After every senseless tragedy in America, gun control activists and their media allies call for more gun restrictions and gun confiscation, and they attack our Second Amendment rights. No matter the circumstances of the crime committed, they will exploit the loss of life to advance their political agenda.

Over the last several years, extreme risk protection orders (ERPOs), more commonly referred to as red flag laws, have become the “go-to” policy prescription for mourning communities after a senseless mass murder. To date, 21 states have adopted some form of red flag or “extreme risk” laws that allow law enforcement or other government agencies to confiscate firearms from individuals who are judged, without due process, to be at risk to do harm to themselves or others.

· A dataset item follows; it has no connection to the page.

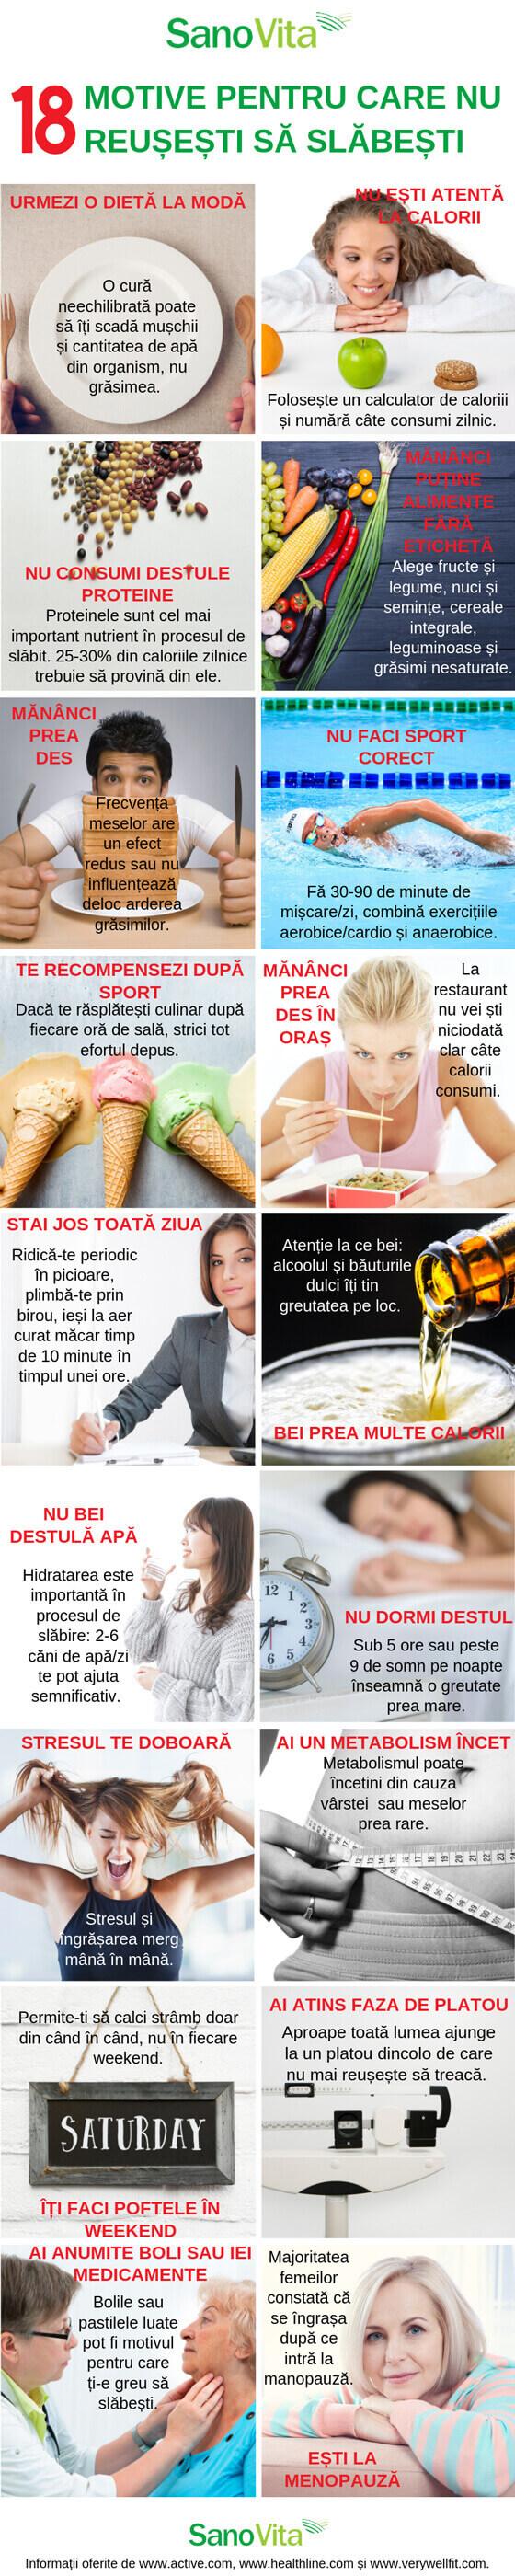 mananca pentru a slabi metabolismul

Recently, the Biden administration announced plans to open the National Extreme Risk Protection Order Resource Center, and Vice President Kamala Harris called on all states to pass red flag laws and use federal funding to implement ones already in place. Sadly, what’s missing from the conversation surrounding red flag laws is the efficacy of these controversial, unconstitutional laws that undermine our constitutional rights and compromise our safety.

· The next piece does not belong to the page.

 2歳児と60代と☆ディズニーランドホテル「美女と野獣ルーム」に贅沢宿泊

Study after study affirm that red flag laws simply do not work. According to research conducted by RAND, a nonprofit, nonpartisan research organization, no study shows that extreme risk protection orders decreased suicide, violent crime, mass shootings, police shootings, or unintentional injuries and deaths.

Similarly, a study by firearms researcher K. Alexander Adams suggests that ERPOs have no impact on total homicide or total suicide rates. His research shows that there is no statistical difference in any outcome 10 years before and after the implementation of state red flag laws in his sample set. In short, neither the homicide nor suicides rates were significantly affected.

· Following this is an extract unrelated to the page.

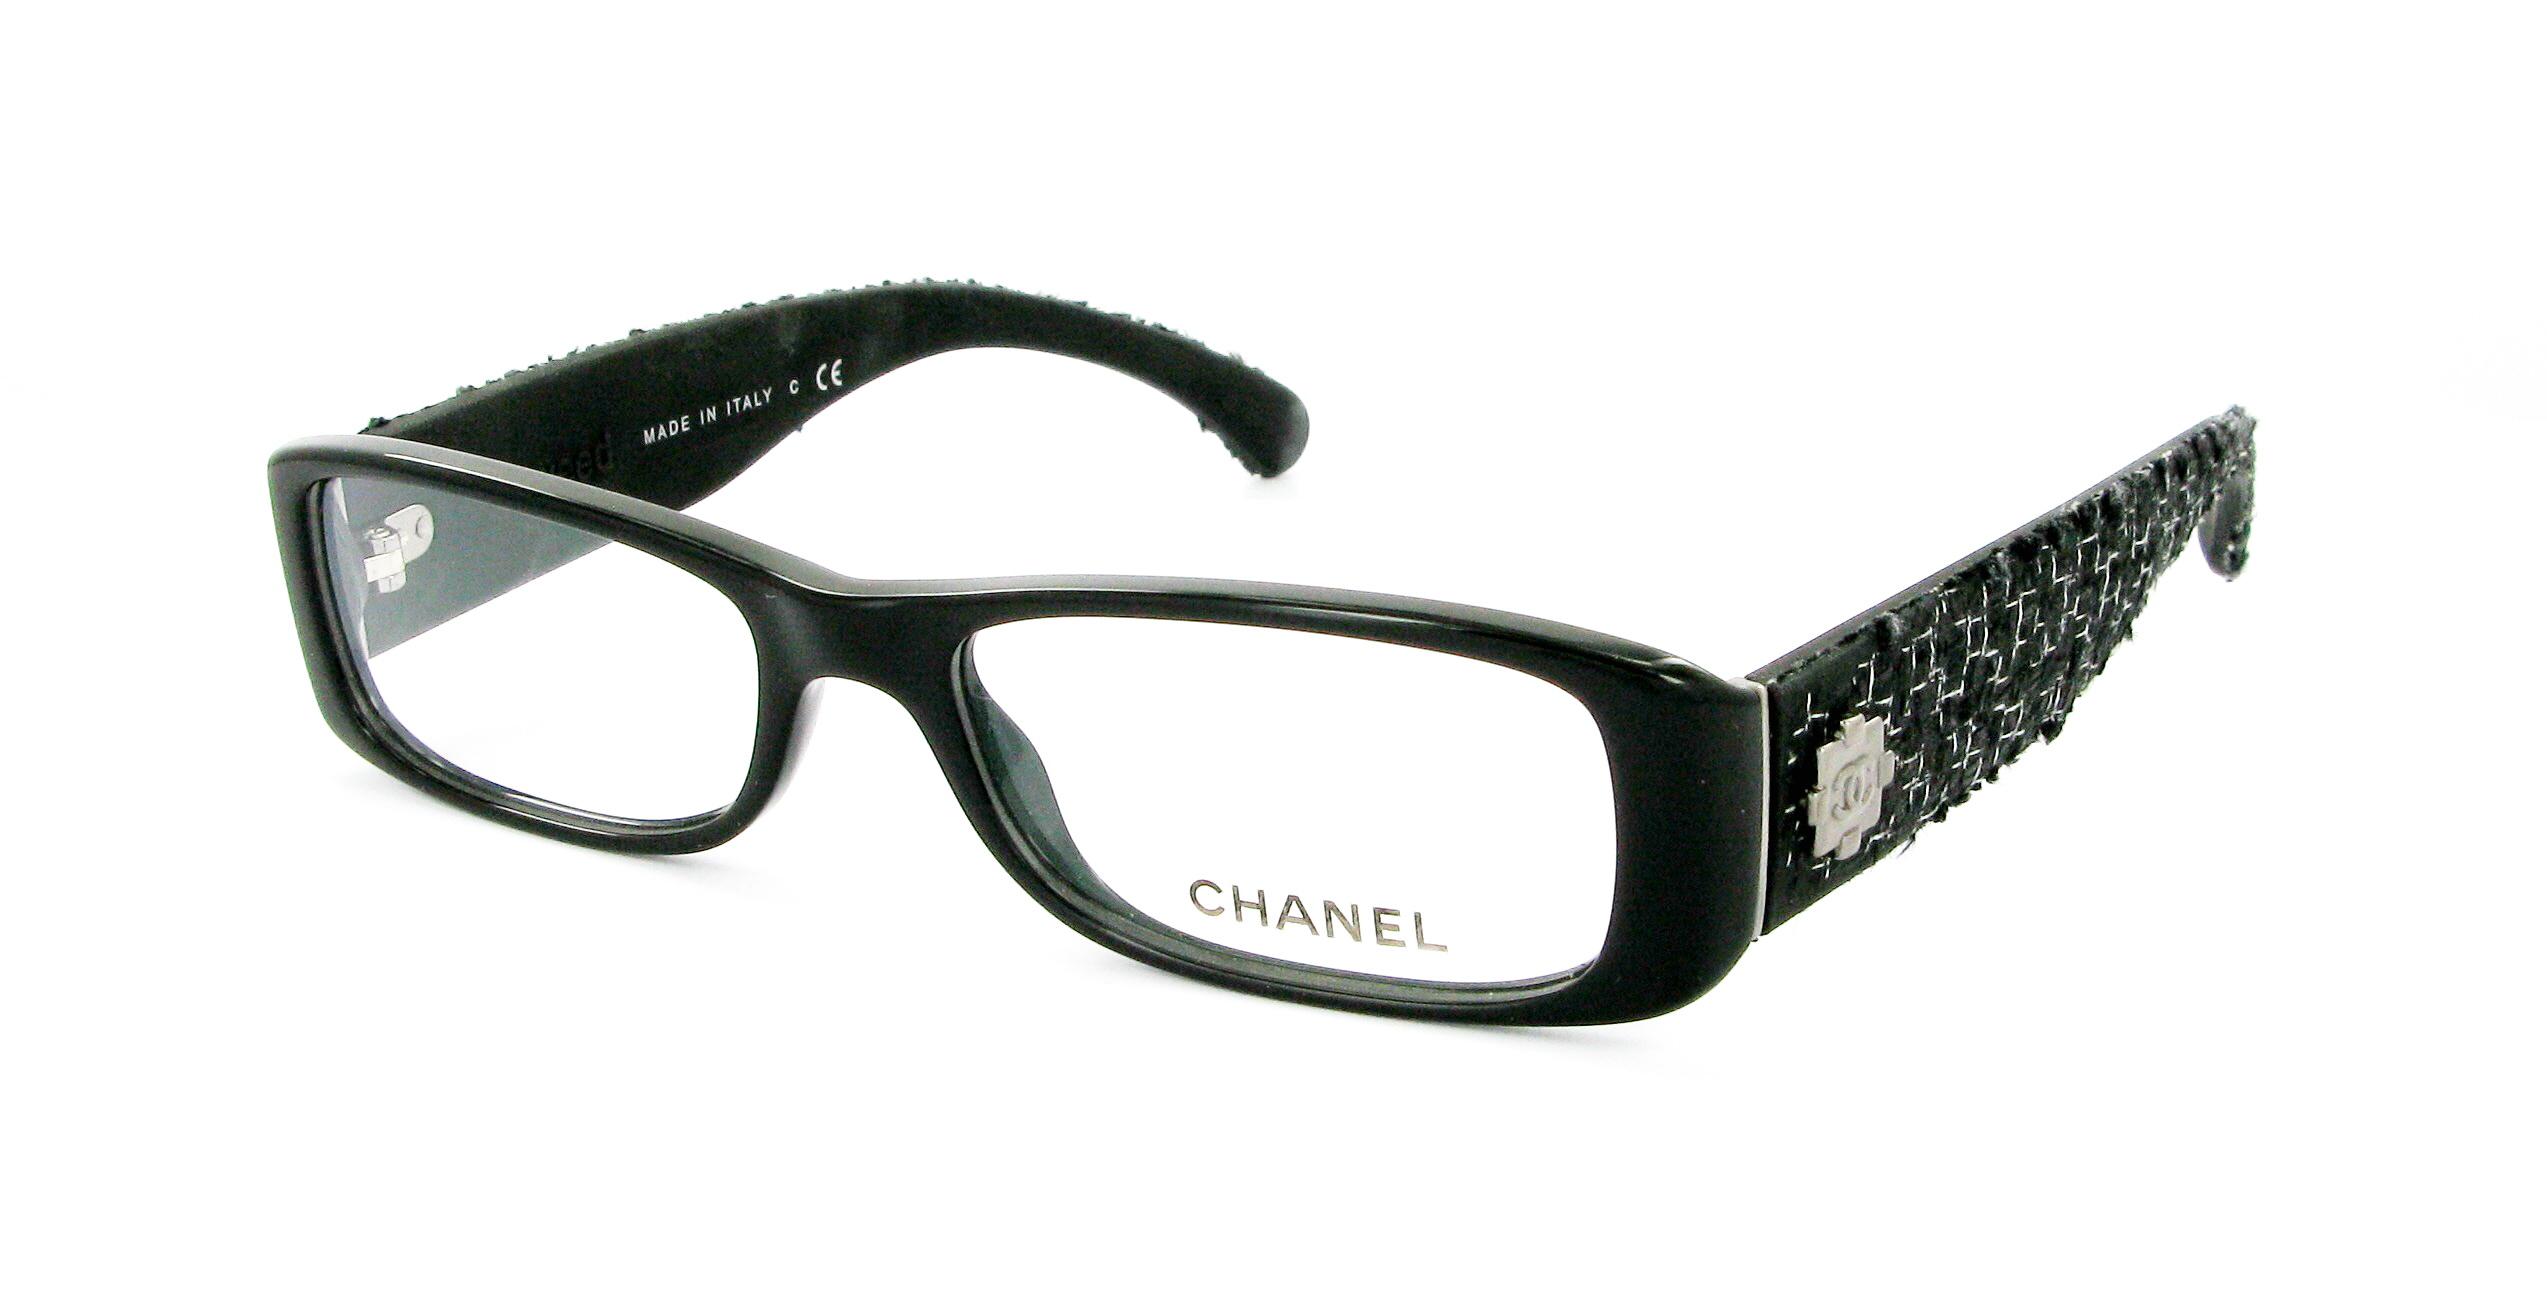 6b54d867b295da Lunette De Vue Chanel Femme   David Simchi-Levi

Firearms scholar Dave Kopel, who agrees that red flag laws have no noticeable impact on crime rates, testified to the U.S. Senate that expanding the number of people who can petition for an ERPO may increase the likelihood that ERPOs could be misused, for instance, to harass a former spouse or disarm a potential victim. But these stats and figures aren’t that surprising, right?


Dangerous, threatening individuals are solely responsible for committing acts of violence and pose the greatest risk to our community. You don’t need in-depth research to support this summary statement. It’s just common sense. If you take away a person’s firearms but keep that dangerous individual in the home, the threat of violence still exists. If you remove the individual from the home, rather than the firearms, there is no longer a risk of violence.

So instead of passing new restrictions on law-abiding citizens like Maine Democrats want to do, how about we enforce the laws that currently exist? Often, we see that mass murderers make open threats to inflict harm and kill others. In fact, the man who ended up taking the lives of nearly two dozen innocent Mainers vowed to attack the Air Force base where he was stationed. These threats should have led to his incarceration.

Instead, the deranged killer’s threats were ignored, and the community of Lewiston – and our state as a whole – will forever be changed by the predictable and clearly avoidable tragedy that left 18 dead and 13 wounded.

In the wake of a tragedy, we must mourn together as Americans and come together under the banner of common sense to promote real, actionable solutions to the problems plaguing our nation. Instead of championing policies that threaten our constitutional rights and safety, let’s focus on the root of the problem. Red flag laws ignore the simple truth that criminals, not guns, commit crime.

We also know that evil exists and lurks around every corner. That’s why, as a firearms trainer and proud member of Women for Gun Rights, I urge all my friends and neighbors to purchase a firearm and learn how to use it. You are your own first responder. Outsourcing the protection of my family and myself is a gamble I’m not willing to take.